There are a lot of abbreviated Mikes (serious sports types or bespectacled A students with great posture). And then there are the less common, though often more popular, Mikeys (pudgy and jovial with welcoming cheeks or red headed class clowns with scabbed knees that you can respect). But even rarer still are the male Mickeys. Foreign to most they were, the way they could carry on in the footsteps of two legends, one a heavy drinker with a free swinging wooden club, the other a squeaky cheese addict germaphobe propping up an empire. Even the poor souls named after tin cans of fermented chemical dregs have a way about themselves that exudes self-reliance in the face of a belt or a switch.
But Michaels? They don't exist in the halls of elementary. You'll find them in bar exams, on trustee boards, or among "the faculty". Michaels are where the Mikes, Mikeys and Mickeys go to die, to develop dignified guts, wealthy double chins, and respectfully ginny checks.

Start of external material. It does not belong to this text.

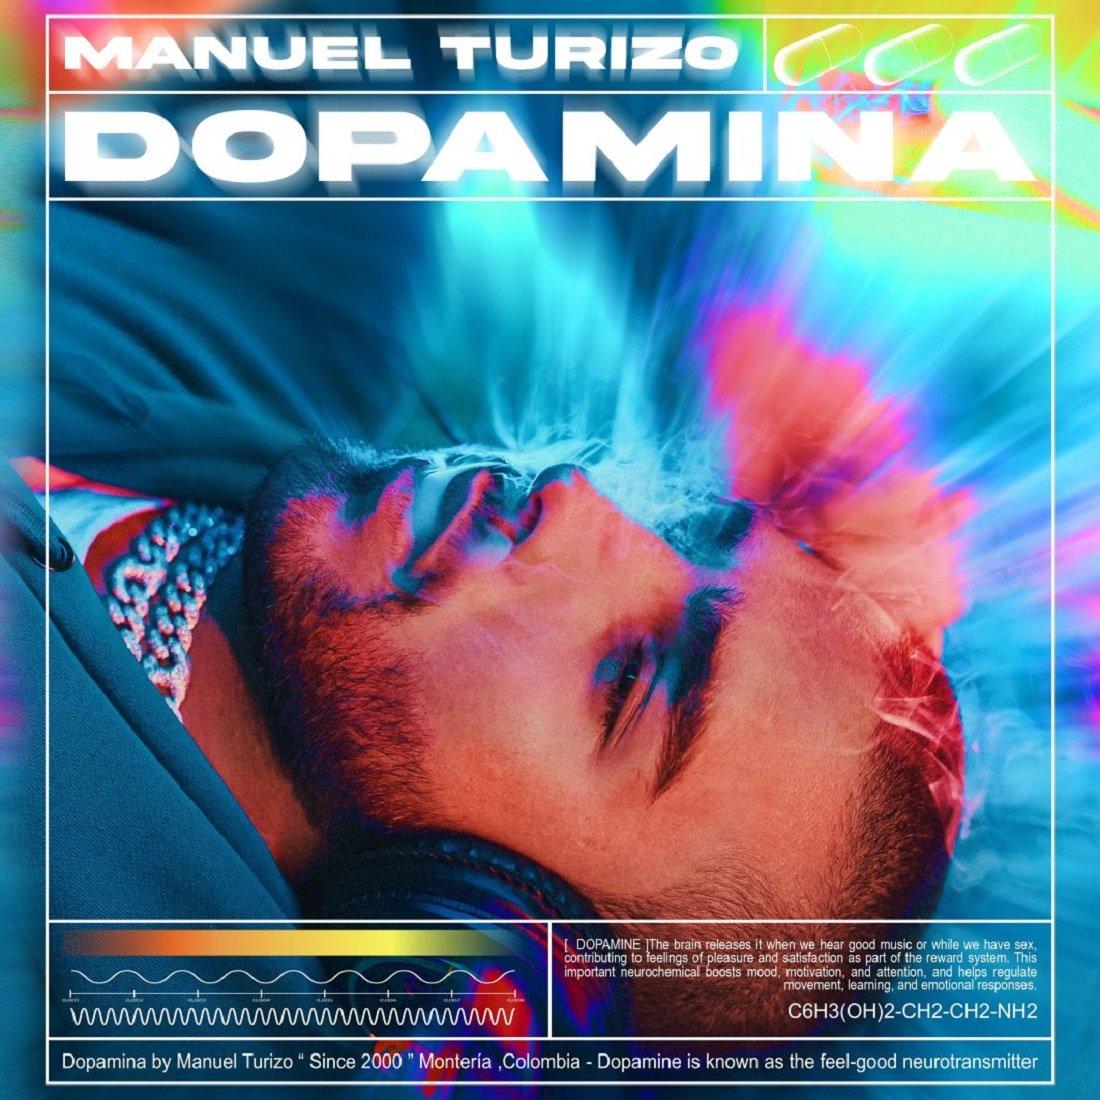 Manuel Turizo x Maluma Amor En Coma

So why this child Michael, you may be asking? Because the innocence within him is long gone, like a chaise lounge in a hurricane. Teachers sense the pit of rotten guts solidified into a chrysalis reptilian shell, black like silverfish, pumping every couple of seconds as a normal heart might do, spitting up cauldronic bubbly waste that oozes into his veins and up to his brain, driving it like a banshee conductor on a runaway track, and they disengage fearfully.
"I'll reduce this motherfucker down to black," he reiterates with satisfactory malaise.